Charlie Roebuck

Personal information
- Full name: Charles George Roebuck
- Born: 14 August 1991 (age 35) Huddersfield, Yorkshire, England
- Batting: Right-handed
- Bowling: Right-armed medium-fast

Domestic team information
- 2010: Yorkshire
- 2012–2014: Leeds/Bradford MCCU
- FC debut: 5 June 2010 Yorkshire v India A
- Last FC: 7 April 2014 Leeds/Bradford MCCU v Somerset

Career statistics
| Competition | First-class |
| Matches | 3 |
| Runs scored | 54 |
| Batting average | 13.50 |
| 100s/50s | 0/0 |
| Top score | 27not out |
| Balls bowled | 6 |
| Wickets | 0 |
| Bowling average | – |
| 5 wickets in innings | – |
| 10 wickets in match | – |
| Best bowling | – |
| Catches/stumpings | 0/– |
- Source: Cricinfo.com, 20 April 2023

= Charlie Roebuck =

English cricketer

Charles George Roebuck (born 14 August 1991) is an English former first-class cricketer.
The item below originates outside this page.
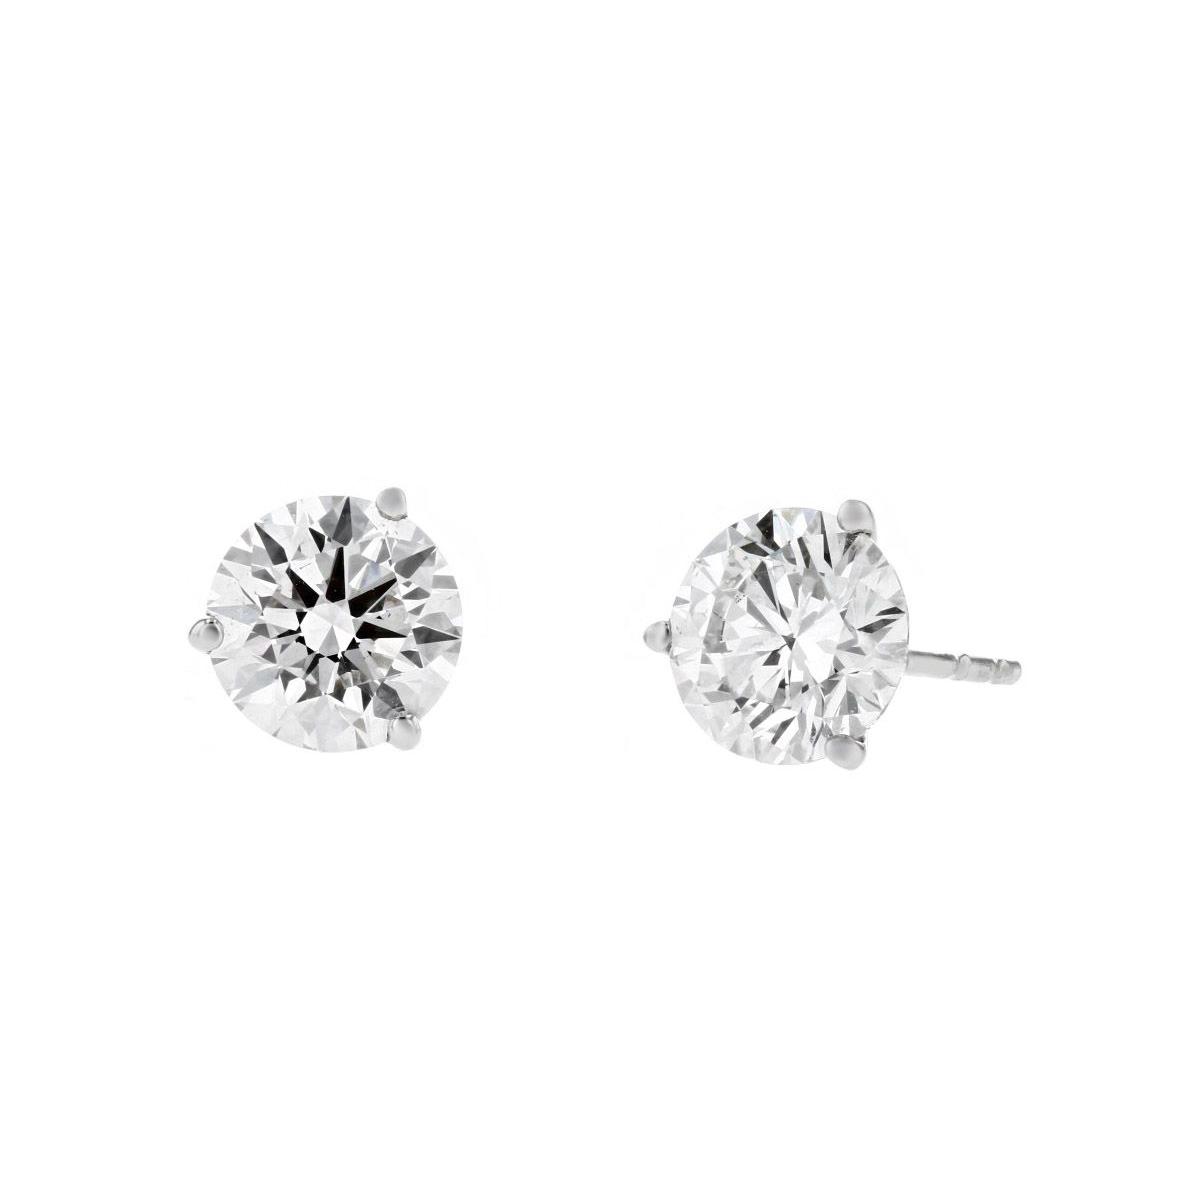 14k White Gold Lab Grown Diamond Martini Round Stud Earrings 1 83cttw

A right-handed batsman and right-arm medium fast bowler, Roebuck was contracted to Yorkshire County Cricket Club, for whom he played one first-class match in 2010.

==Biography==
Roebuck had been with Yorkshire since 2007, and played for the Yorkshire Academy in the Yorkshire ECB County Premier League, and the Yorkshire Second XI in the Second XI Championship. His first-class debut was against India A in June 2010, when Roebuck scored 23 runs in his only innings.

Roebuck has also played in one Youth Test match for England Under 19s against Bangladesh Under 19s, and four Youth One Day Internationals against the same opponents.

In 2011, Roebuck played for the Durham Second XI.